我的母亲
□文/御花坊 李晓刚
母亲,是江汉平原一个质朴的渔家妇女。
江汉平原的天气与家的记忆,不是严寒就是酷暑。
可能只有寒暑假才回家的缘故吧,春暖花开和秋高气爽,都留给小伙伴和恋人们了。
小时候,躺在晃悠悠的船板上,斑斓的树荫洒在脸上,
一边听她唱着洪湖水,讲着韩英的故事,一边迷迷糊糊的睡午觉。
上学之后,但凡周末回家,母亲都会逼着我们三个小孩搞劳动,虽然我们的战斗力很弱!
记得第一次晕血,是在一个酷热的午后,割稻子的时候把自己手割了。
个子小,淹没在稻子中,得不到一丝的风,闷热、蚂蟥、晕眩,倒下的时候还压倒了一大片稻子。
虽然才七八岁,但是思维很清晰,抱怨母亲得不偿失,我的劳动果实还不如破坏多。现在都记得这个逻辑。
初中身体发育了,战斗力增强!
夏天整天泡在发烫的水里抽藕尖,姐姐在树荫下洗藕尖!
单兵产值都有一两百块,觉得心理平衡。
天未亮就跟母亲骑几个小时的车去集市上卖藕尖和莲蓬,感觉很好,新鲜,劳动光荣。
郁闷的是腿上被河蚌划出的两条深深的伤口,晚上刚刚长点新肉,白天又被又烫又脏的河水泡开,一个暑假都好不了,还不能让母亲知道,怕失去了为家里做贡献的机会。
寒冬腊月,在淤泥里摸鱼。
有时候下着雪,结着薄冰,手冻得通红后就是麻木,郁闷的不是冷,是手感不好,影响抓鱼,黄骨鱼的刺有毒,刺到了会化脓。
因为劳动很苦,我们都很想读好书了跳农门,当我考全校第一时,就是一个农村妇女最开心的时候。农村生活很简单,没有什么大喜大悲的事,整天就是面朝黄土背朝天。我考个第一,她可以开心几个月,几个月之后,我又考了第一。她会主动跟人去说,我儿子读书很厉害,考第一啦!

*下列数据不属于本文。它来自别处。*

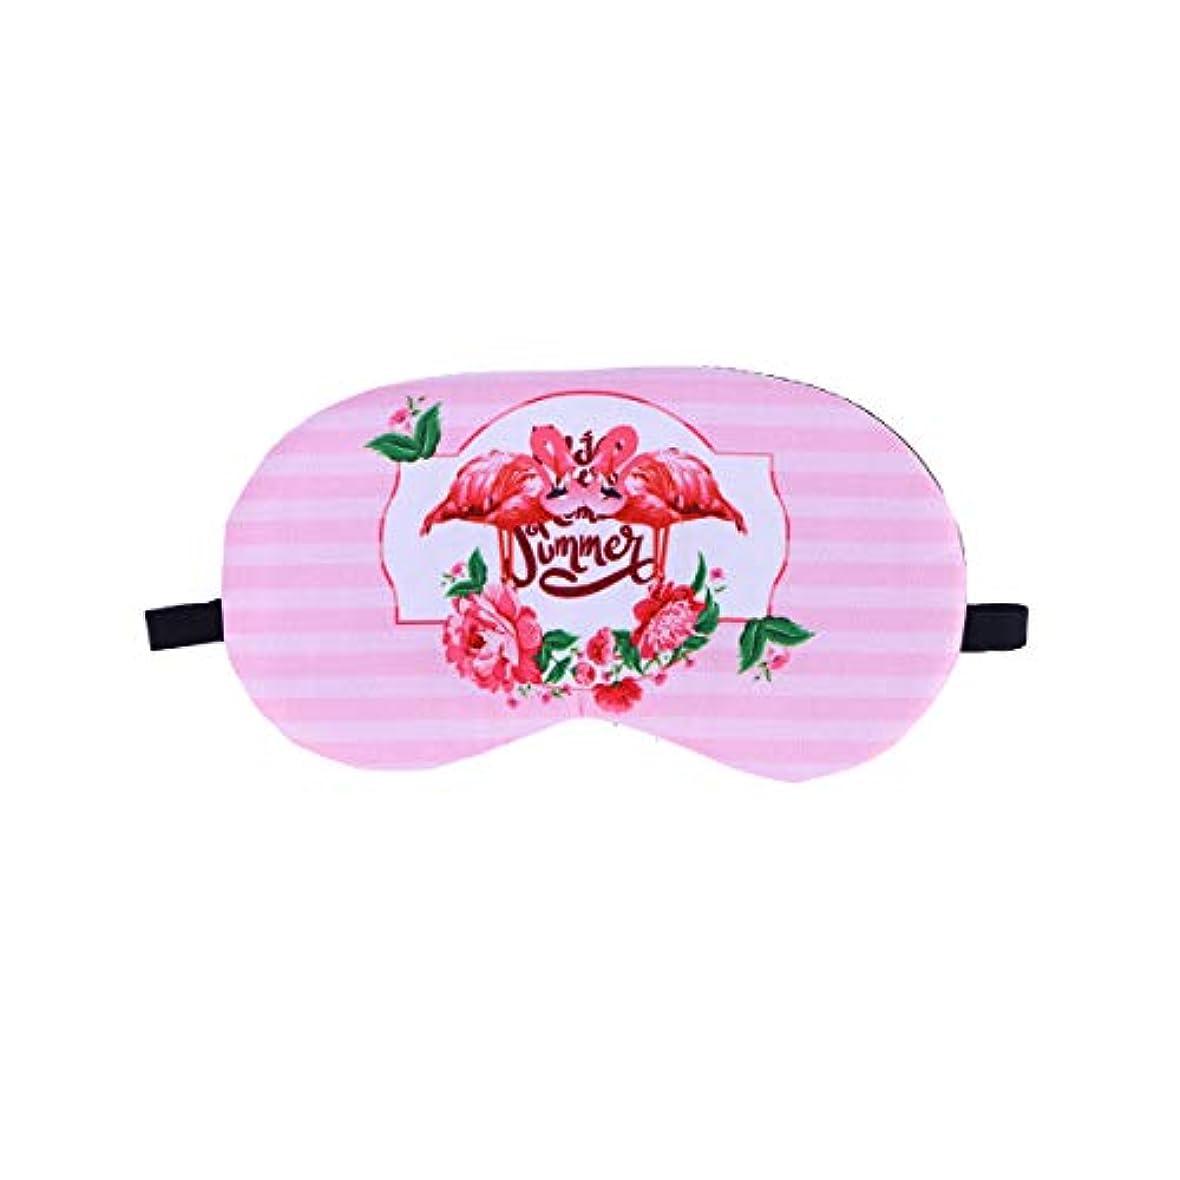 アトミックナビゲーション閉じるSUPVOX フラミンゴアイマスク動物睡眠トラベリング目隠しアイカバー(ピンク)
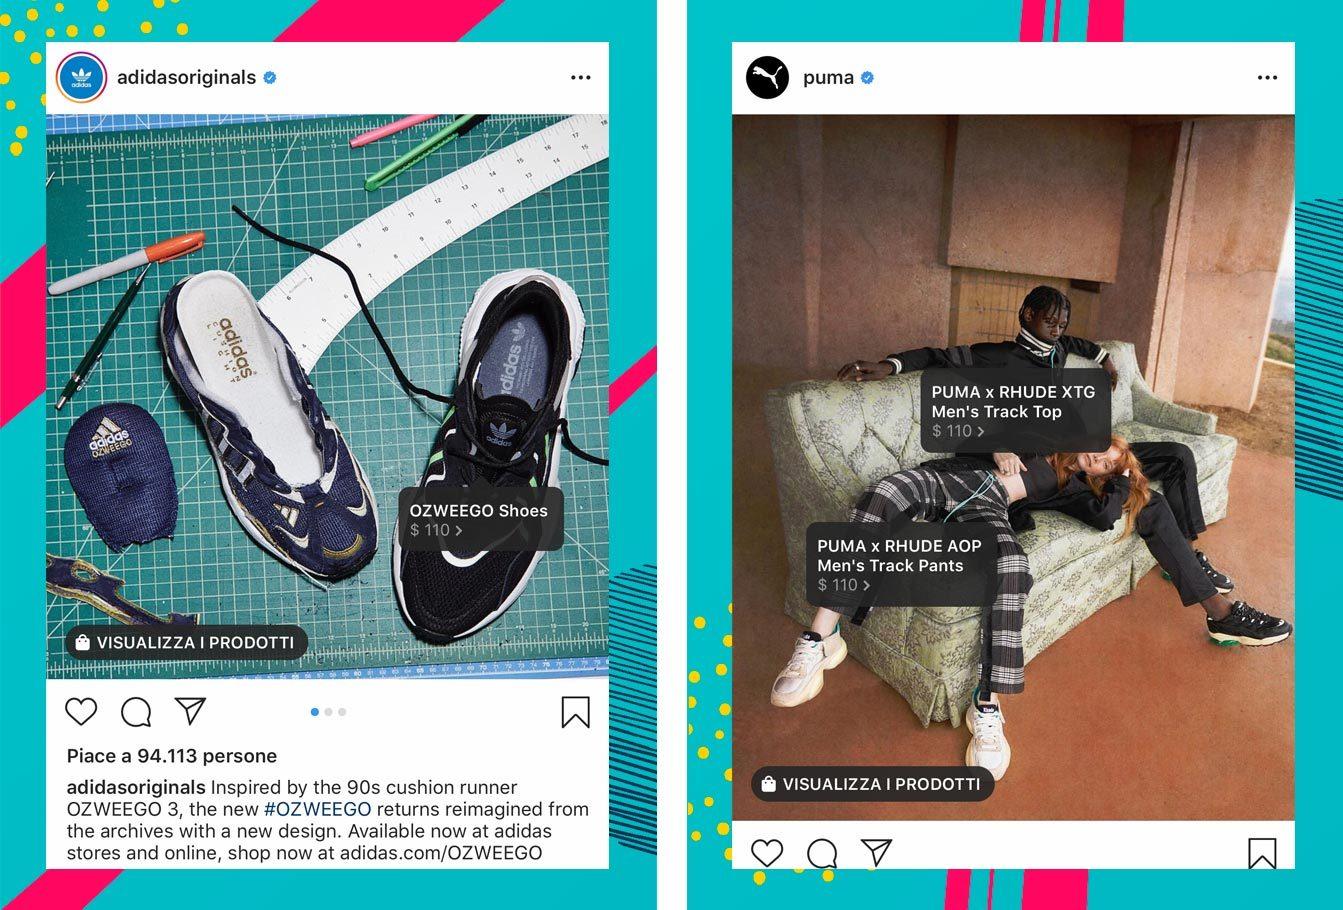 Esempi Instagram Shopping sport

后来我参加工作,进了电视台,做了记者。她觉得自己就是民间法官,有什么路见不平的事,就要向我反馈,要我们去曝光,哪怕是邻里纠纷。在荆楚大地跑的多了,觉得母亲也就是拦我们车伸冤的民妇之一,只是她有点太爱管闲事。她还很有道理,你们电视上播的不都是伸张正义的事吗?
因为要观看我们的节目,还发生了一次小小的流血事件!村里免费装有线电视,母亲问电工,线路改造后还能不能看到我小儿子的节目,电工说不能,你儿子的节目没上有线。母亲说你别装,电工说免费装,全村都装了,就差你一户了。后来母亲就把电工的梯子抽了,电工装完跳下来,腰还没站直,母亲手里拿着一块板砖站在电线杆旁边,照他脑门一板砖,直接开花。还说:我叫你别装的。
再后来就子大不由母了。我到了广州的银行工作,母亲对我的事管的很少。我坚持每年春节回家。年二十九下班了去给她买新衣服,金戒子、金镯子、金耳环、金项链,一定是黄金的,每年换着花样买,不重样。每年都是年三十才到家。她都会戴着在村里招摇过市,拿着我给她的压岁钱,关键是新钞,去打麻将,很亢奋。我一般年初一初二就出门了,去做一些我想要做的事,她从来不抱怨,还会让我捎上年货,带上问候。等到我初六再回到家,已经没有时间在家多睡一晚上了,很多时候家门都没进,她直接把几百斤的年货满满当当的放我车上,我就绝尘而去,后镜能看到她模糊的笑脸,站在路边使劲的挥手。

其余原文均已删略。